We still felt that there should be an actual report accompanying the designation but this continued to be elusive. We spoke to Michael Munt from English Heritage who suggested that in 1969 there had not been a requirement for Conservation Area Statements and therefore there might have been no accompanying document assessing the importance of the area as there would be today. He suggested that Wivenhoe was originally designated because of the high quality buildings and early street pattern within the central core, including the mediaeval church, the Quay and various surrounding buildings dating from the sixteenth century onwards. Later nineteenth century areas such as Queens Road would have been included partly because of the townscape value of the intact groups of Victorian housing, even if they are not all listed, and also because of the contribution they make to the setting of the town as a whole.

We continued looking just to make sure and in the process unearthed the ‘Wivenhoe, Historic Towns Project Assessment Report (1998), produced by Maria Medlycott on behalf of the ECC Planning Department (Archaeology Section), as part of the Essex Historic Towns Survey, funded by English Heritage. This contained summaries of the history and importance of the town, with a list of documentary and archaeological evidence, a schedule of listed buildings, and some very useful historical maps, including one on planning constraints. Spurred on by finding this document we returned to the ERO to see if they could track down the CBA’s 1965 ‘List’ again. At first they said no, but five minutes later an email came through saying they thought they had found it after all, under the title Historic Towns, although it had been filed under the wrong date. A few days later we had at last a copy of the eight page list with the brief annotated reference to Wivenhoe with its well-preserved ‘ancient’ town-plan, its waterfront and the fact that it was characterised by a number of buildings worthy of preservation, both Georgian and Regency, and Victorian.
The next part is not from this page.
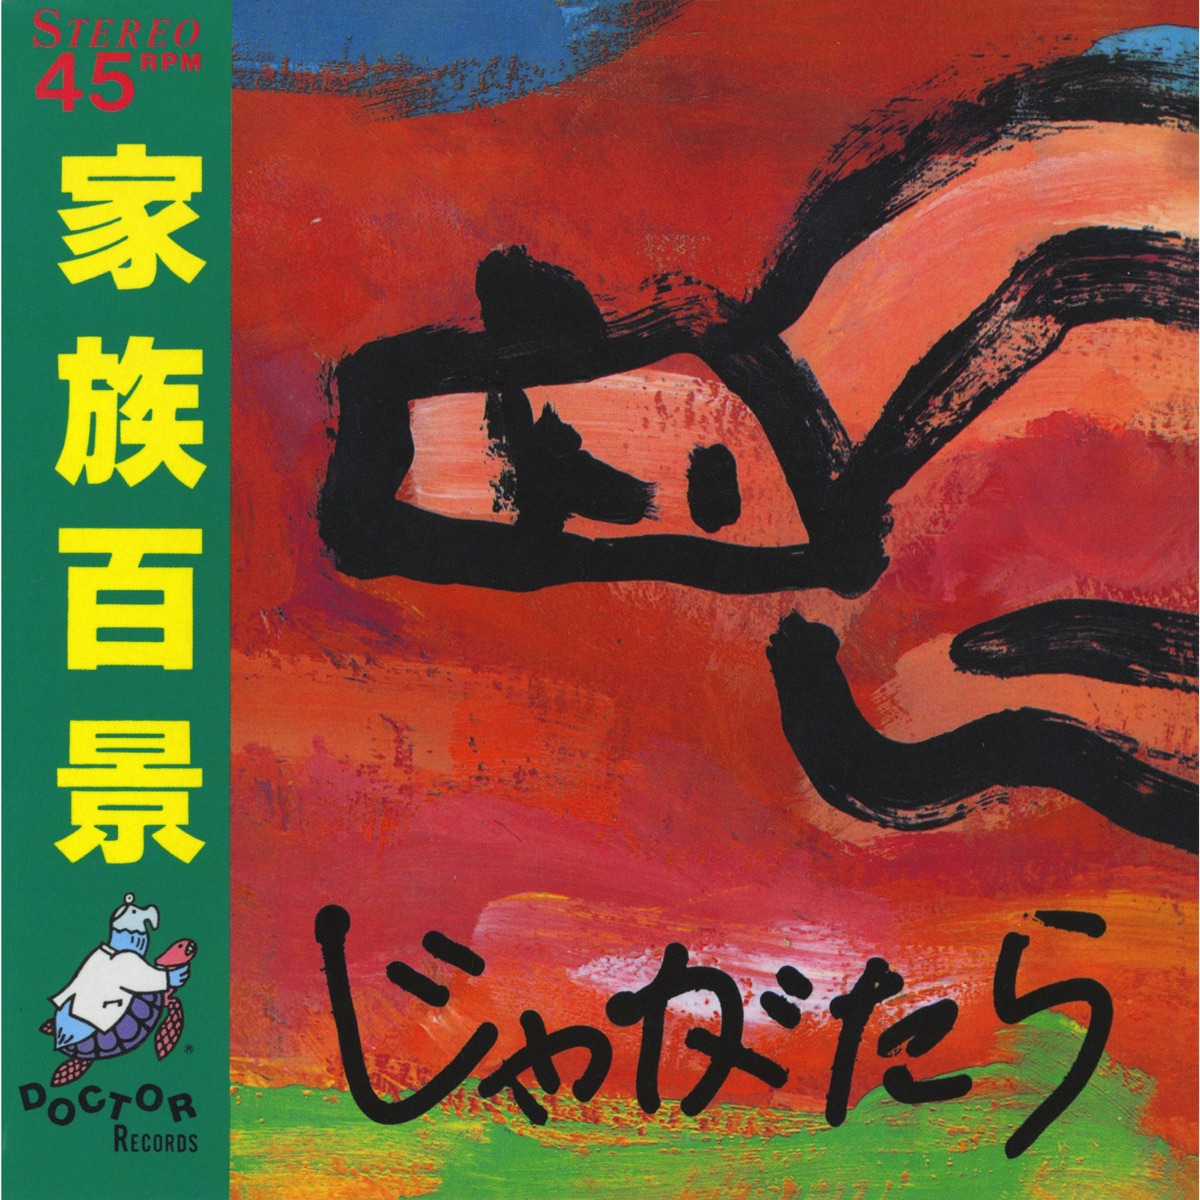 BEST OF JAGATARA 〜西暦2000年分の反省〜 - JAGATARAのアルバム - Apple Music

Having done all we could to unearth the designation of the Conservation Area in the sixties we moved on to try and track down the later amendments. We were given some dates by the Conservation and Design Officer at CBC but there was no information available about the actual details. Eventually we contacted the Democratic Services Officer who discovered some useful Council minutes. The 1980 minutes contained references to the approval of revised new Conservation Areas and the review of the Schedule for Listed Buildings in the former Lexden and Winstree, Wivenhoe and West Mersea districts. The February 1994 minutes referred to an agreed extension to the Conservation Area to include the Wivenhoe Station site, and it was also resolved that British Rail should be served with a Listed Buildings urgent repair notice to repair the buildings at risk. Finally he found a reference in Spring 1987 to a report on the status of Cook’s Shipyard and a resolution that steps should be taken to extend the Conservation Area to include the whole of this site, although frustratingly the actual report was missing.

Shortly after these investigations CBC commissioned the ‘Wivenhoe Conservation Area Appraisal’ by the consultancy firm QuBe which was published in March 2007.  This recommended an extension of the existing Conservation Area but is still awaiting adoption. The report can be viewed at:

http://wivenhoeneighbourhoodplan.org.uk/wp-content/uploads/2013/10/Wivenhoe_Conservation_Area_Appraisal_and_Management_Guidelines.pdf

This is an edited version of the article which was first published in Wivenhoe News in late 2006.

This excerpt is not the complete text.